Пушкин. Воспоминание.
Серийных преступников и маньяков ловят по почерку. Кто душил — тот душит опять и опять; кто резал — тот снова и снова орудует ножом; кто заманивал девочек — тому, как правило, не нужны мальчики. Писательские пристрастия столь же сильны. Без заглавия, без обложки, только по почерку легко и сразу узнаёшь Платонова, Зощенко, Булгакова, Маяковского, Есенина, Северянина…
Пушкин, «Повести Белкина», рассказ «Метель»:
Марья Гавриловна — стройная, бледная семнадцатилетняя девица считалась богатой невестою, была воспитана на французских романах, и следственно была влюблена.

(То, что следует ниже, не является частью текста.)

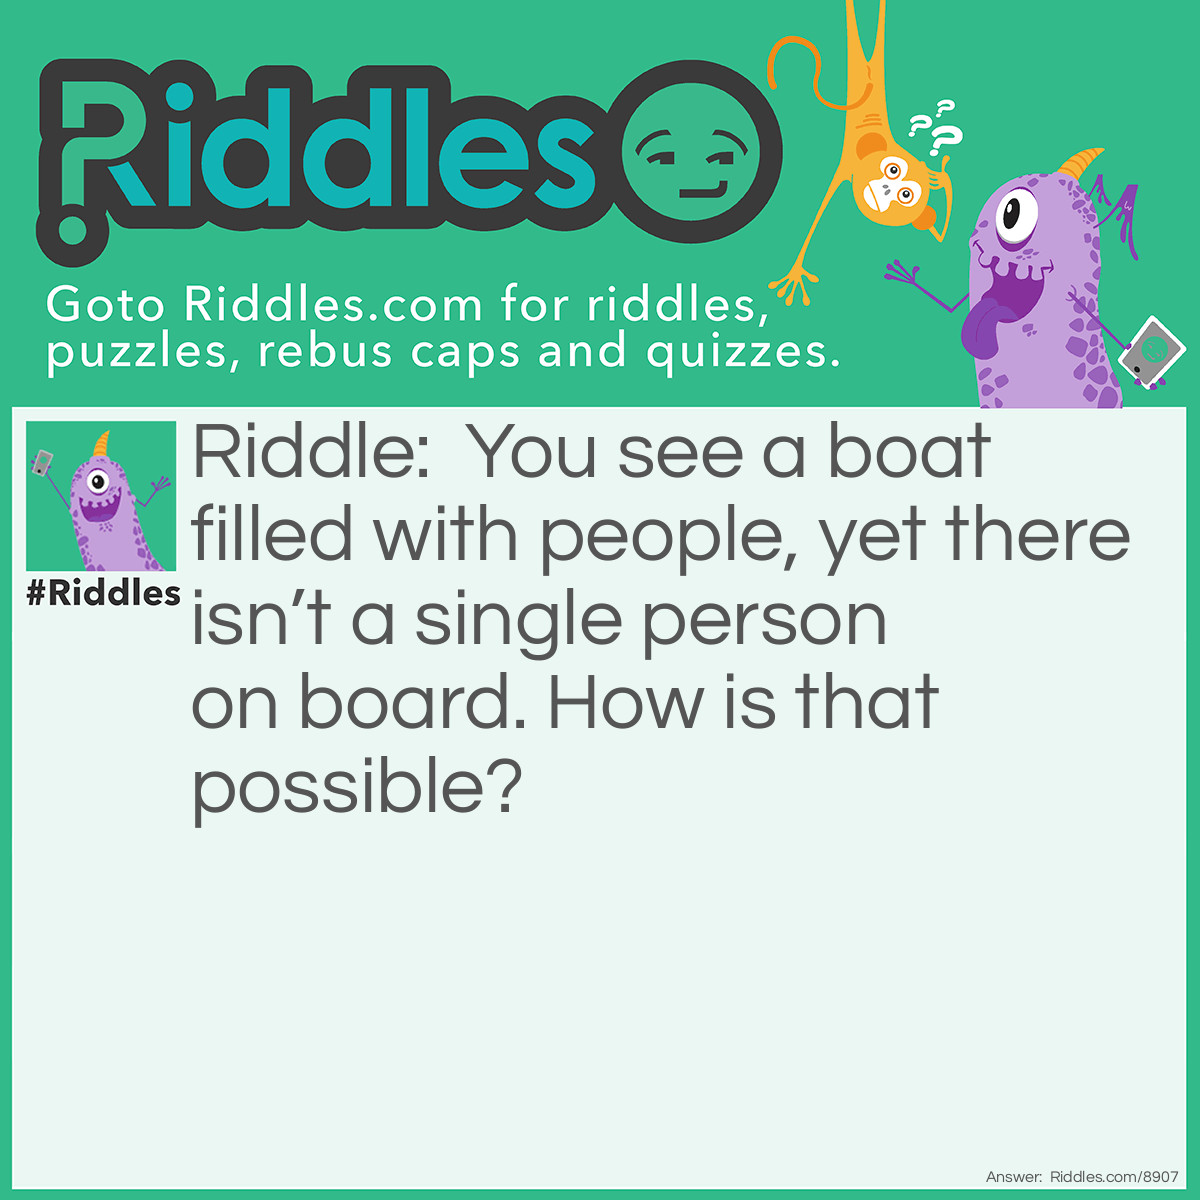 Riddle: You see a boat filled with people, yet there isn't a single person on board. How is that possible? Answer: All the people on the boat are married.

Её возлюбленный в каждом письме умолял её венчаться тайно, броситься потом к ногам родителей, которые скажут им непременно: Дети! придите в наши объятия. Марья Гавриловна наконец согласилась: в назначенный день она должна была выйти через заднее крыльцо, за садом найти готовые сани и ехать за пять вёрст прямо в церковь… (Прошло три года. Прежний жених был ранен и умер. Маша всё так же жила с родителями, о её ночном бегстве никто ничего не знал. И тут появился Бурмин — герой 12 года, полковник, влюбился по уши. — А. М.)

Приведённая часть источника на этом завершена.